What you will do → A faithful copy is needed of the lines below from the one with "femme tenue verre vin quoique séance table" up to and including the one with "Email, prova legale valida. Massima atte"; set it down with no pictures and no other lines.

Raw data →
§

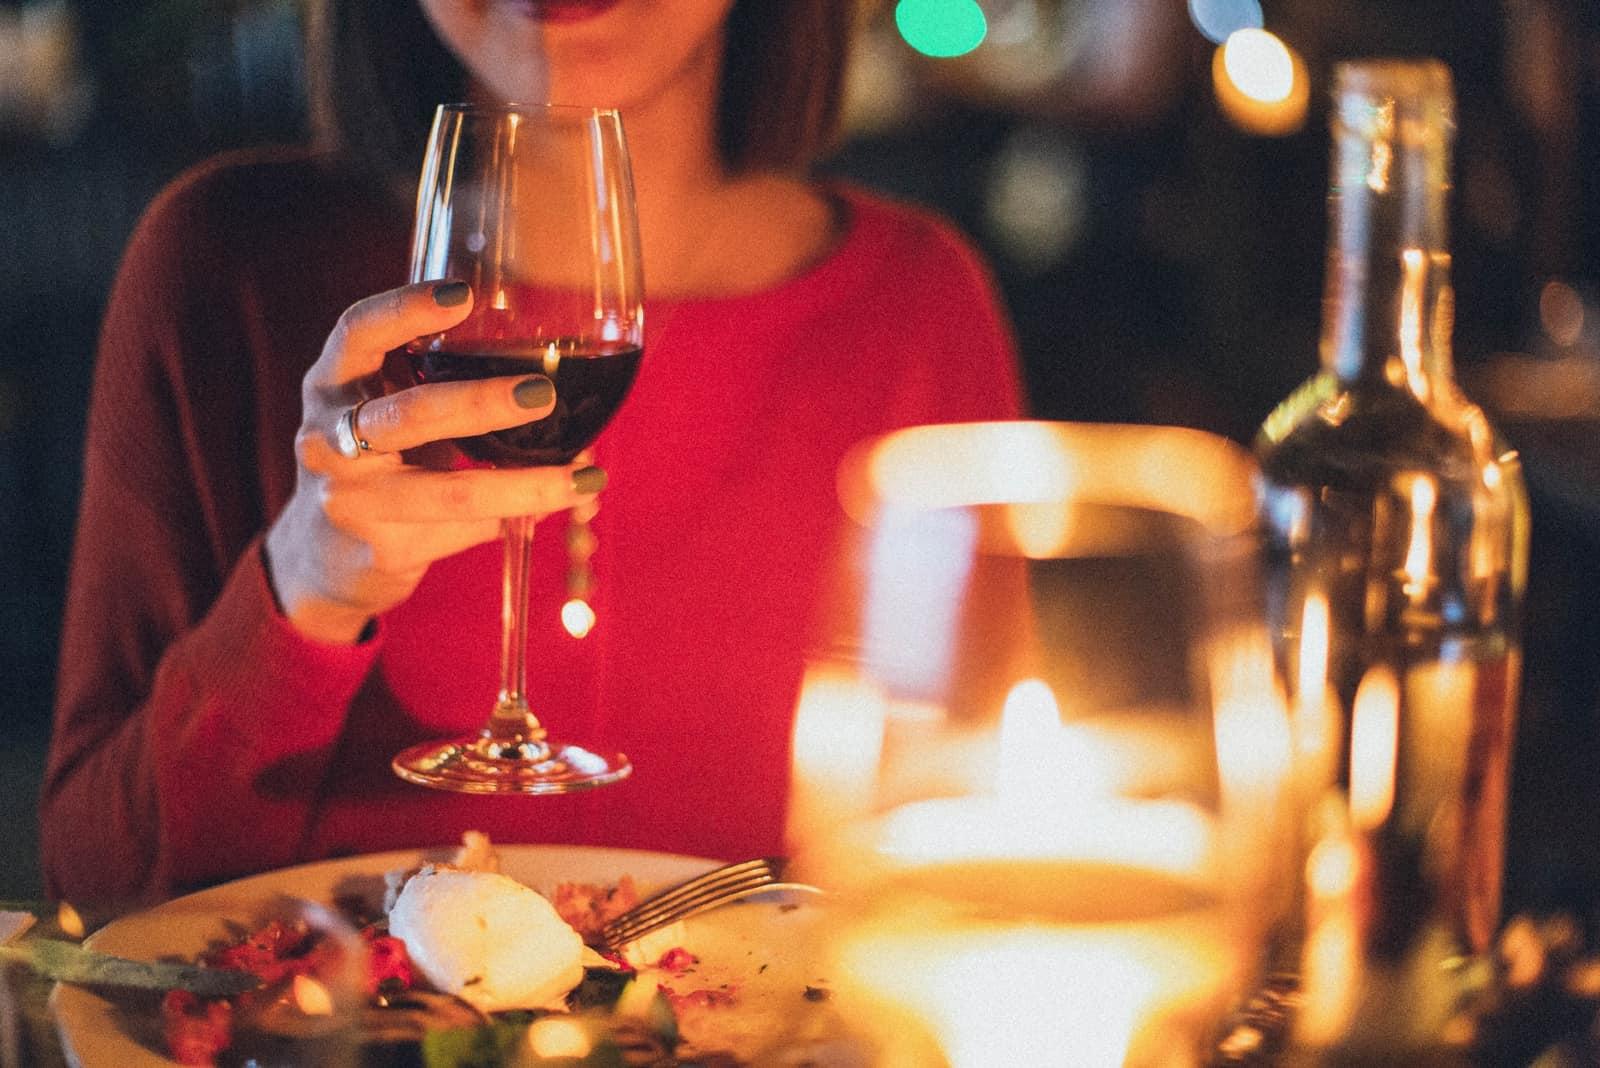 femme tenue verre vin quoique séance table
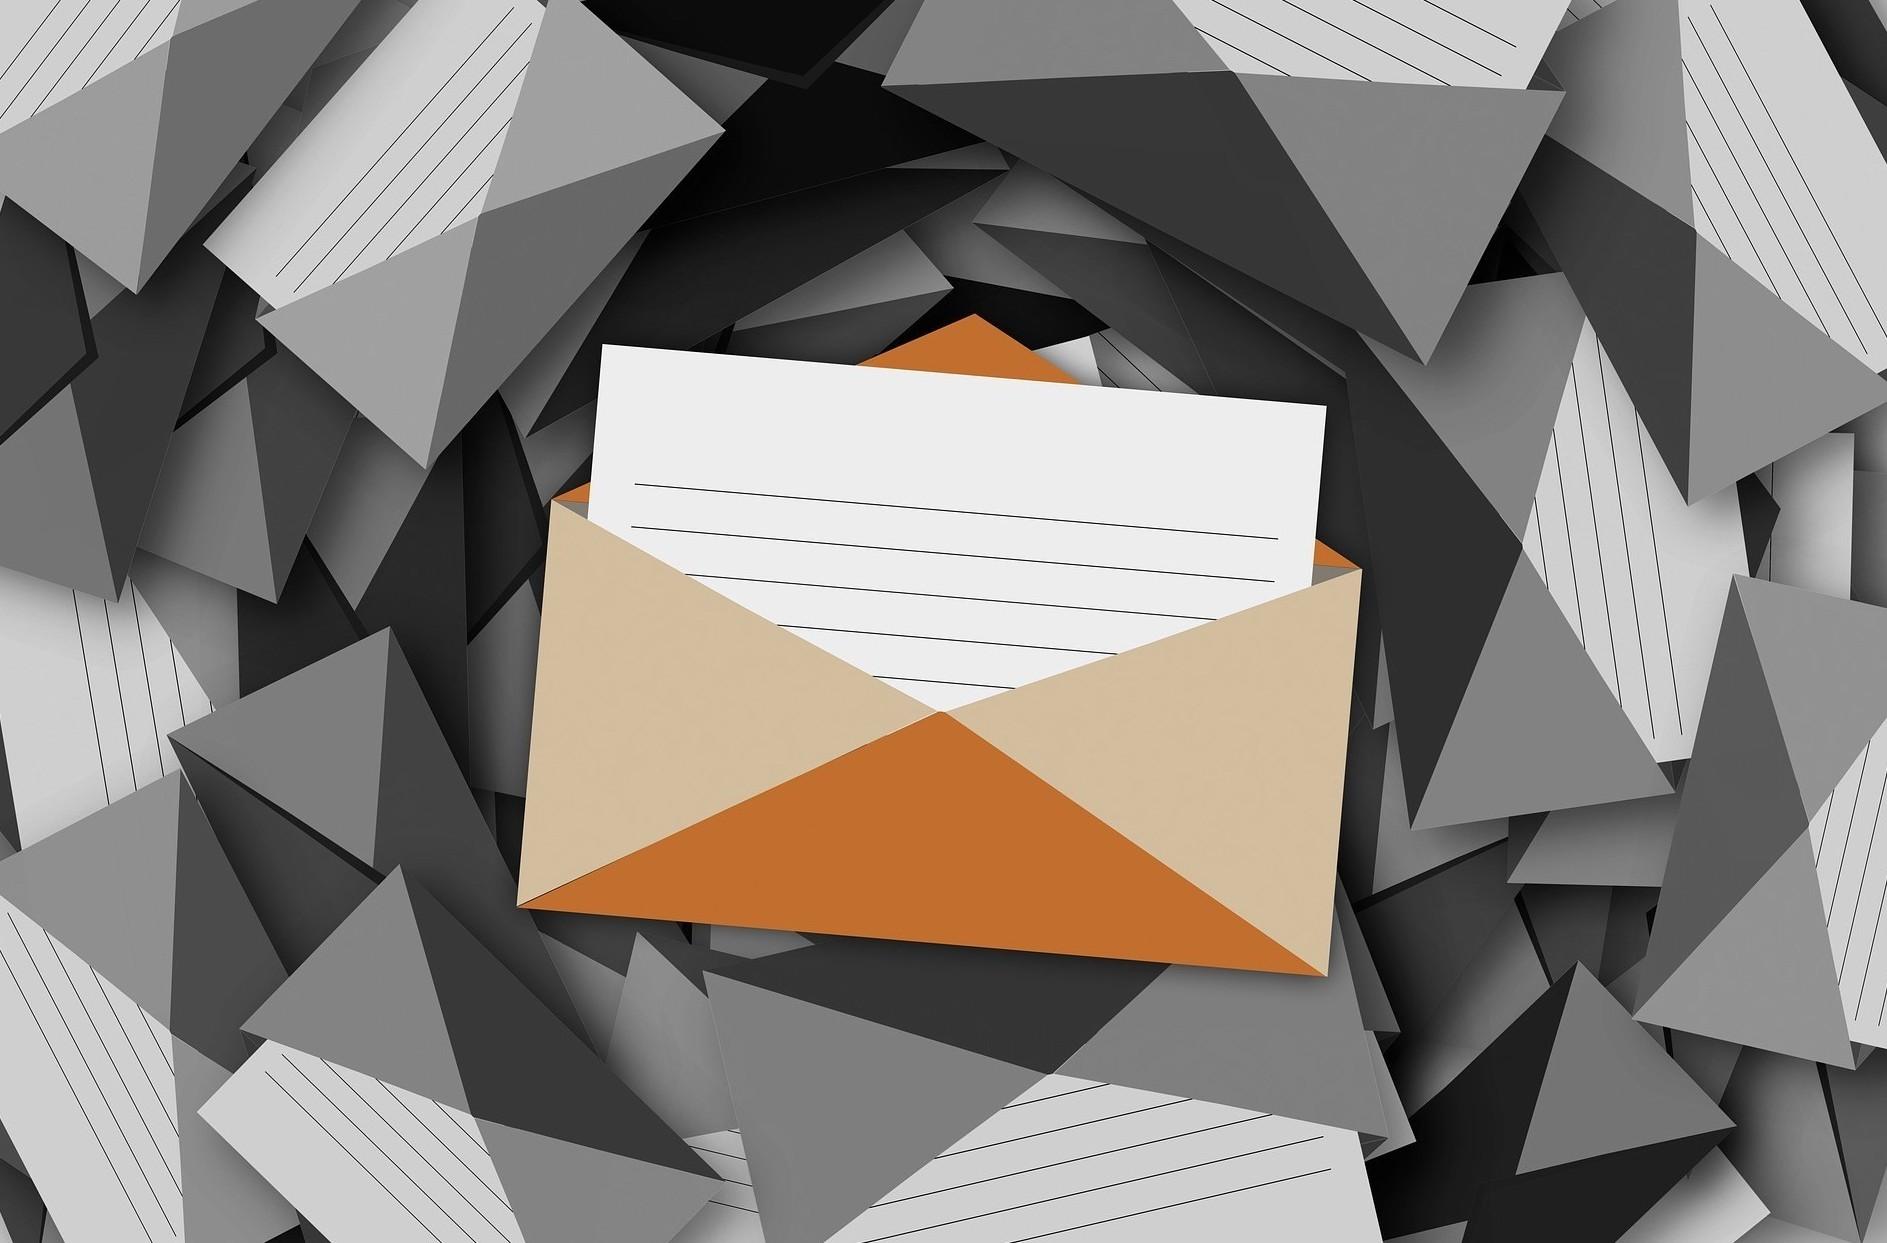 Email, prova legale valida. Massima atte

§

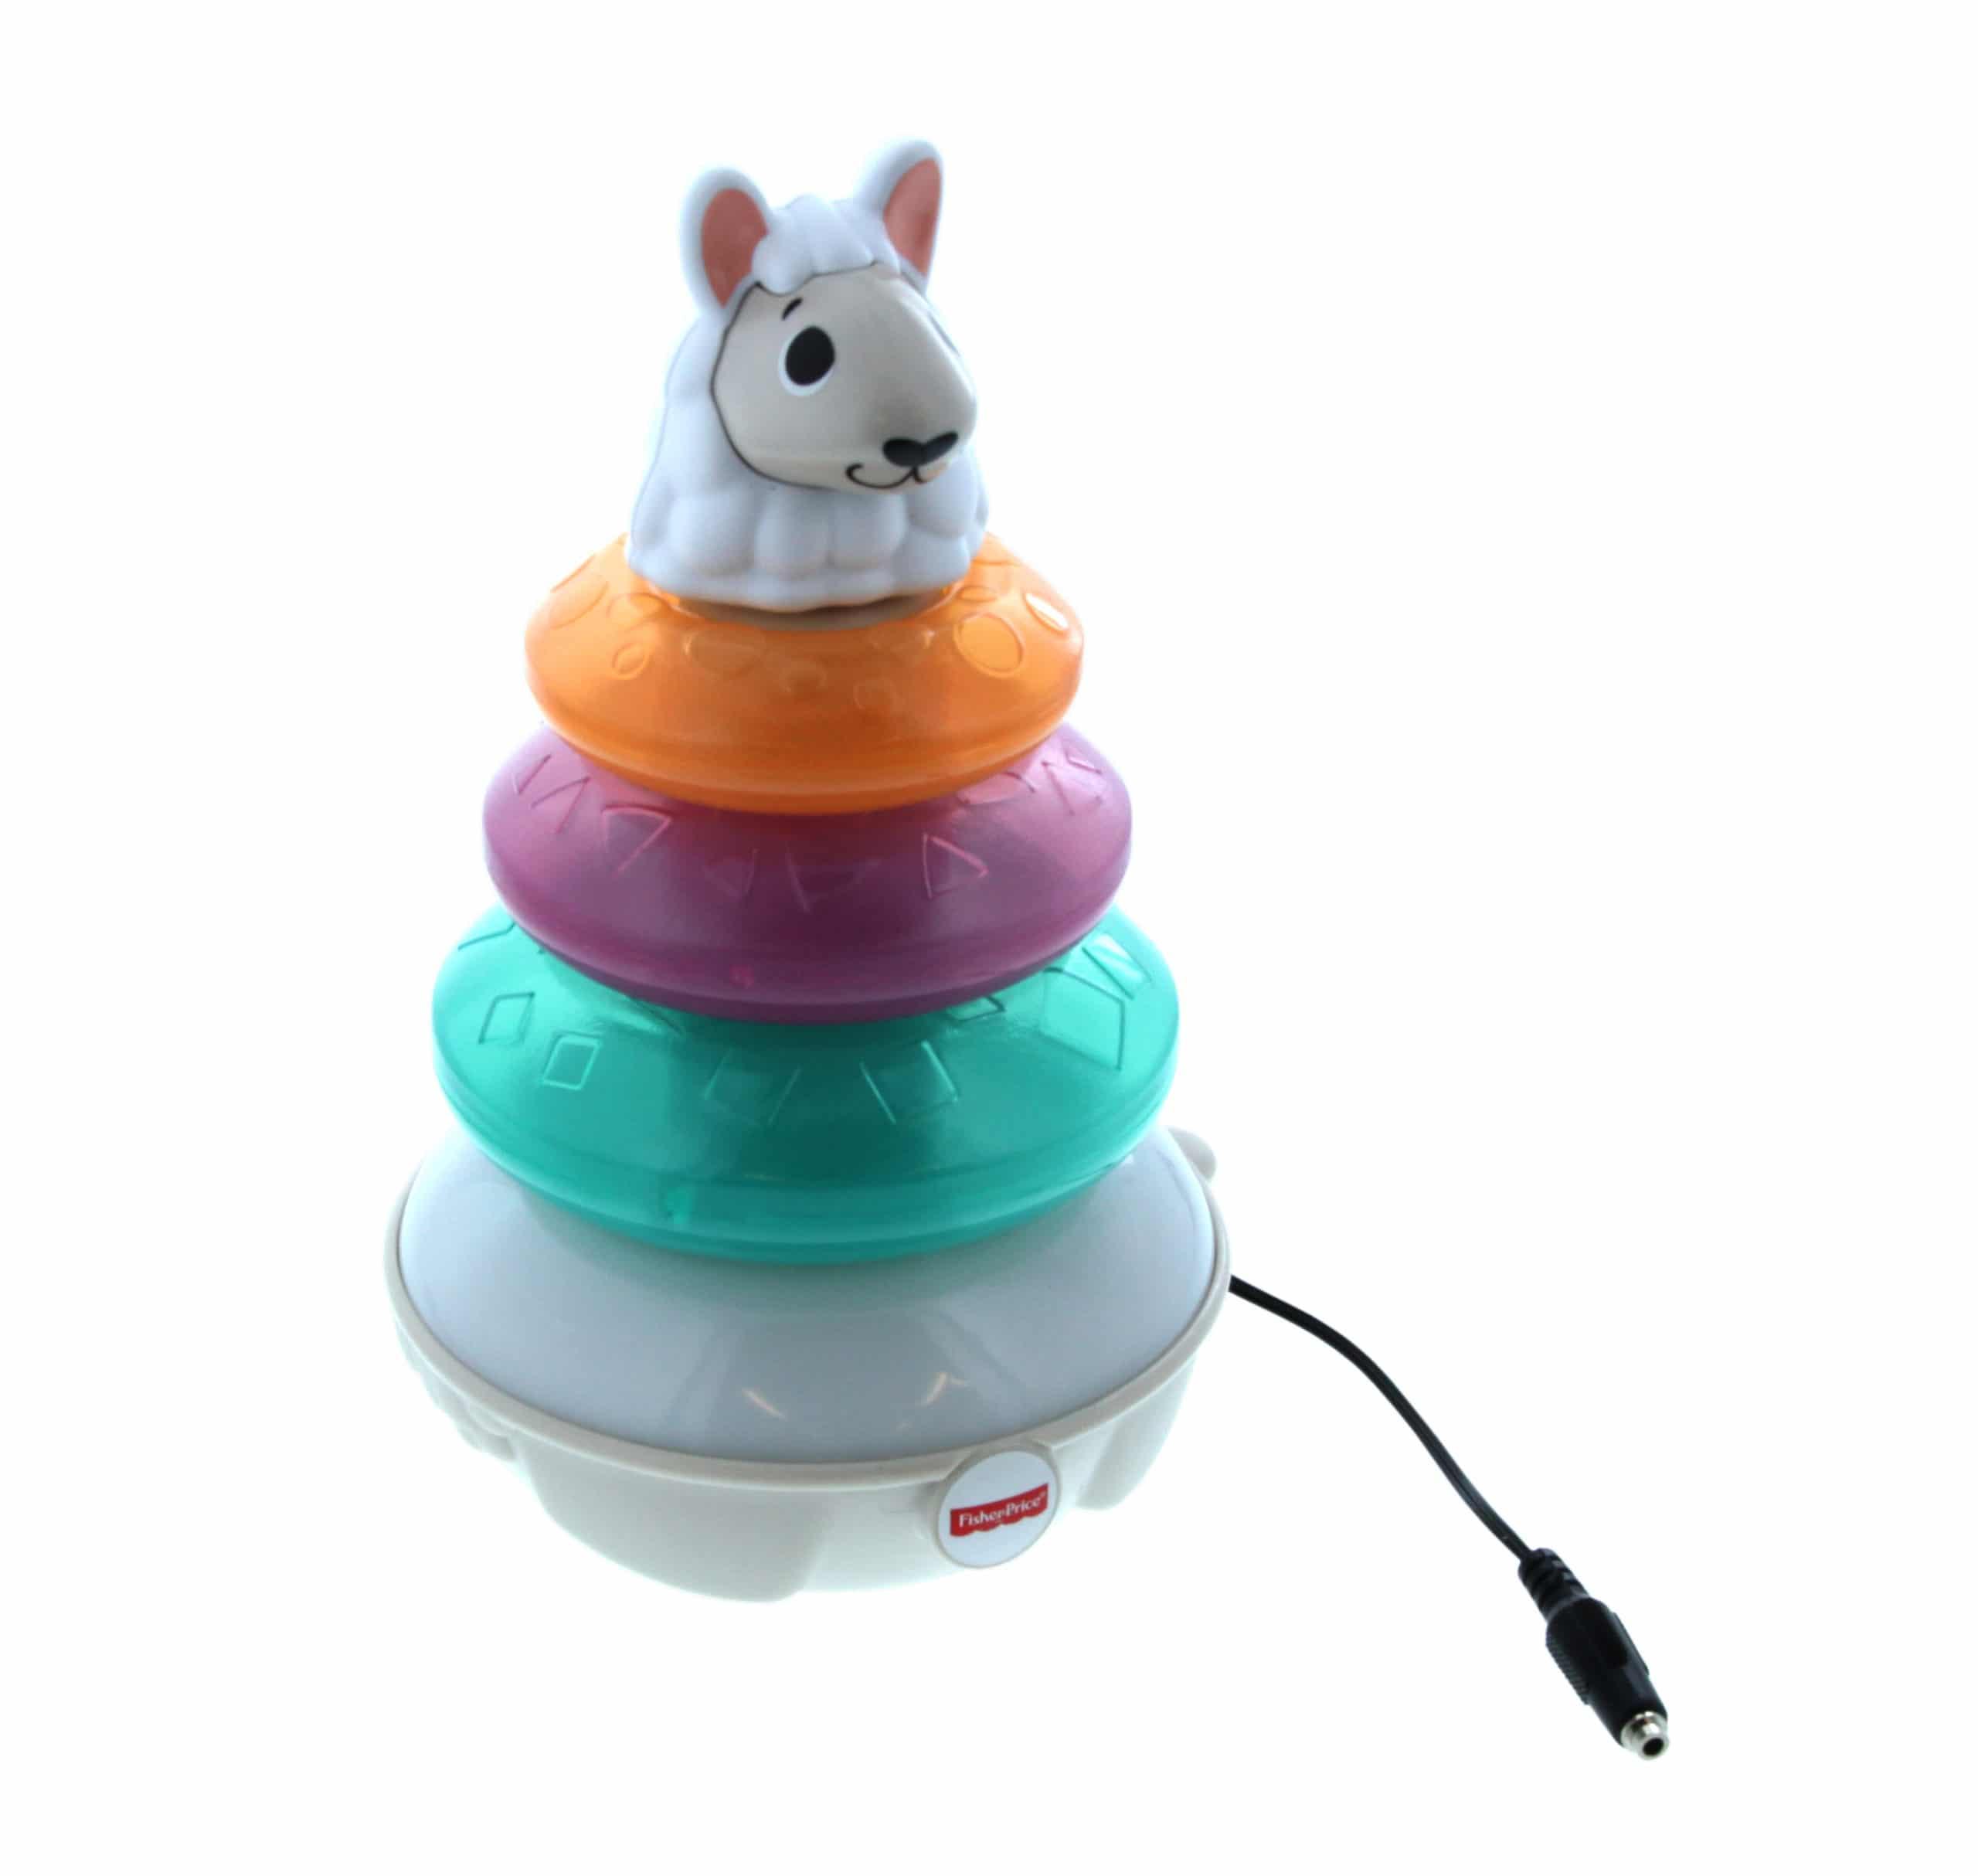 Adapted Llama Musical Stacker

§

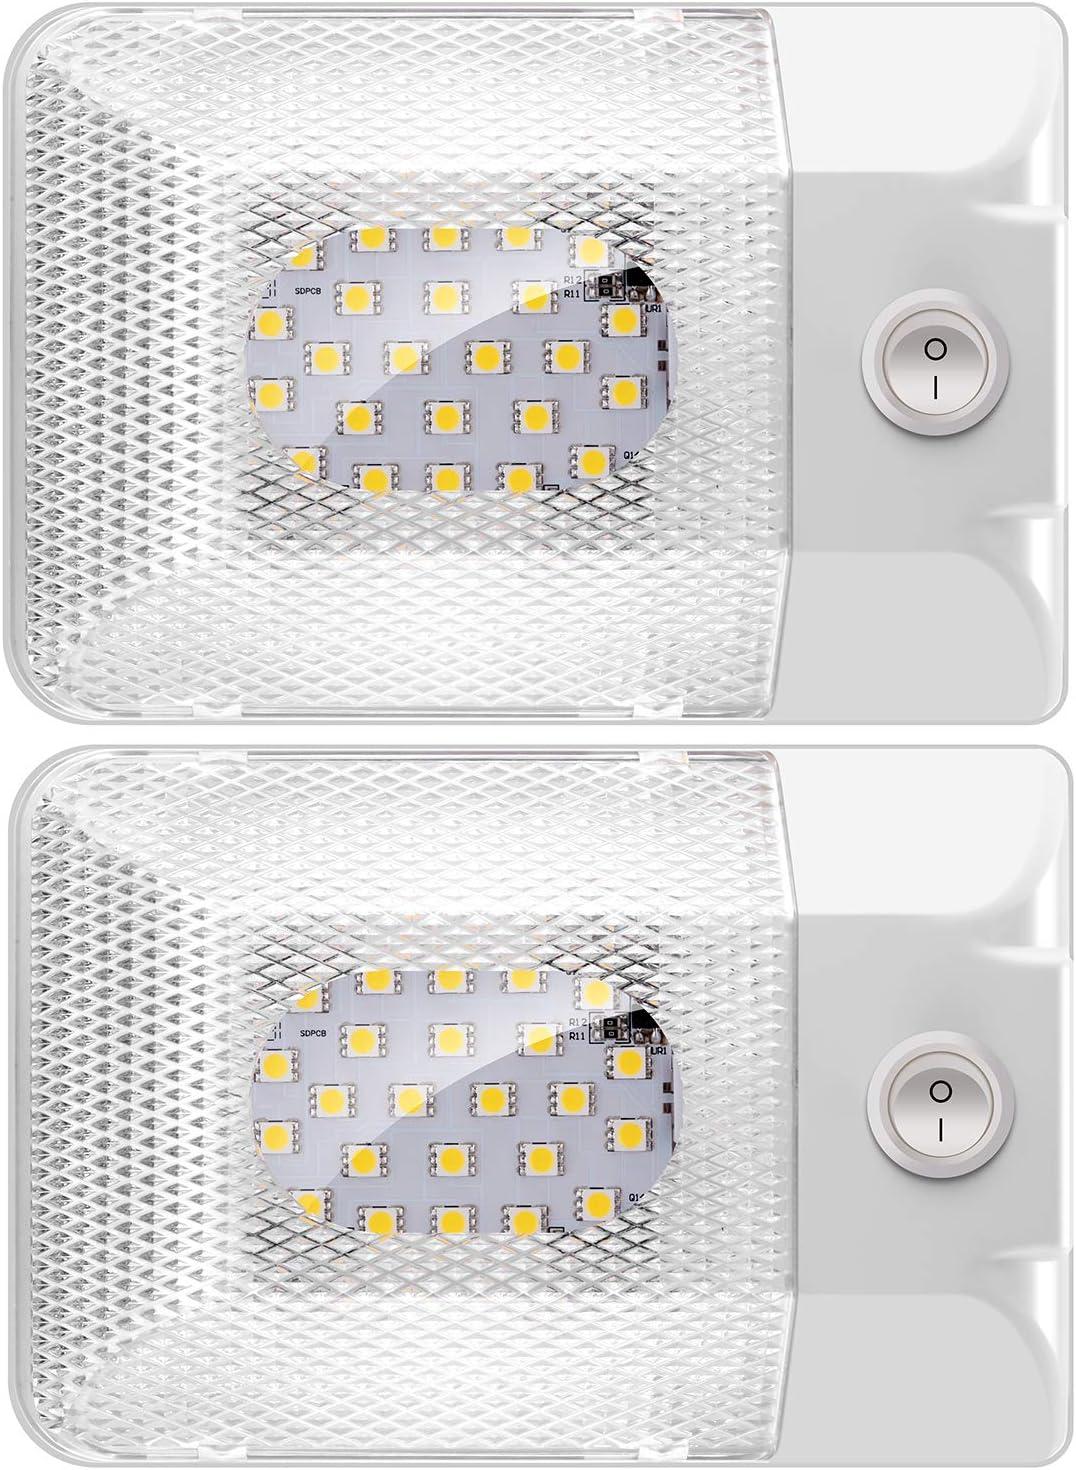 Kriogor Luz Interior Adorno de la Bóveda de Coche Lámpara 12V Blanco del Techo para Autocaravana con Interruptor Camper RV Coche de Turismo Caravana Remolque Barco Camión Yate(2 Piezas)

§

Solution to the exercise →
 femme tenue verre vin quoique séance table
 Email, prova legale valida. Massima atte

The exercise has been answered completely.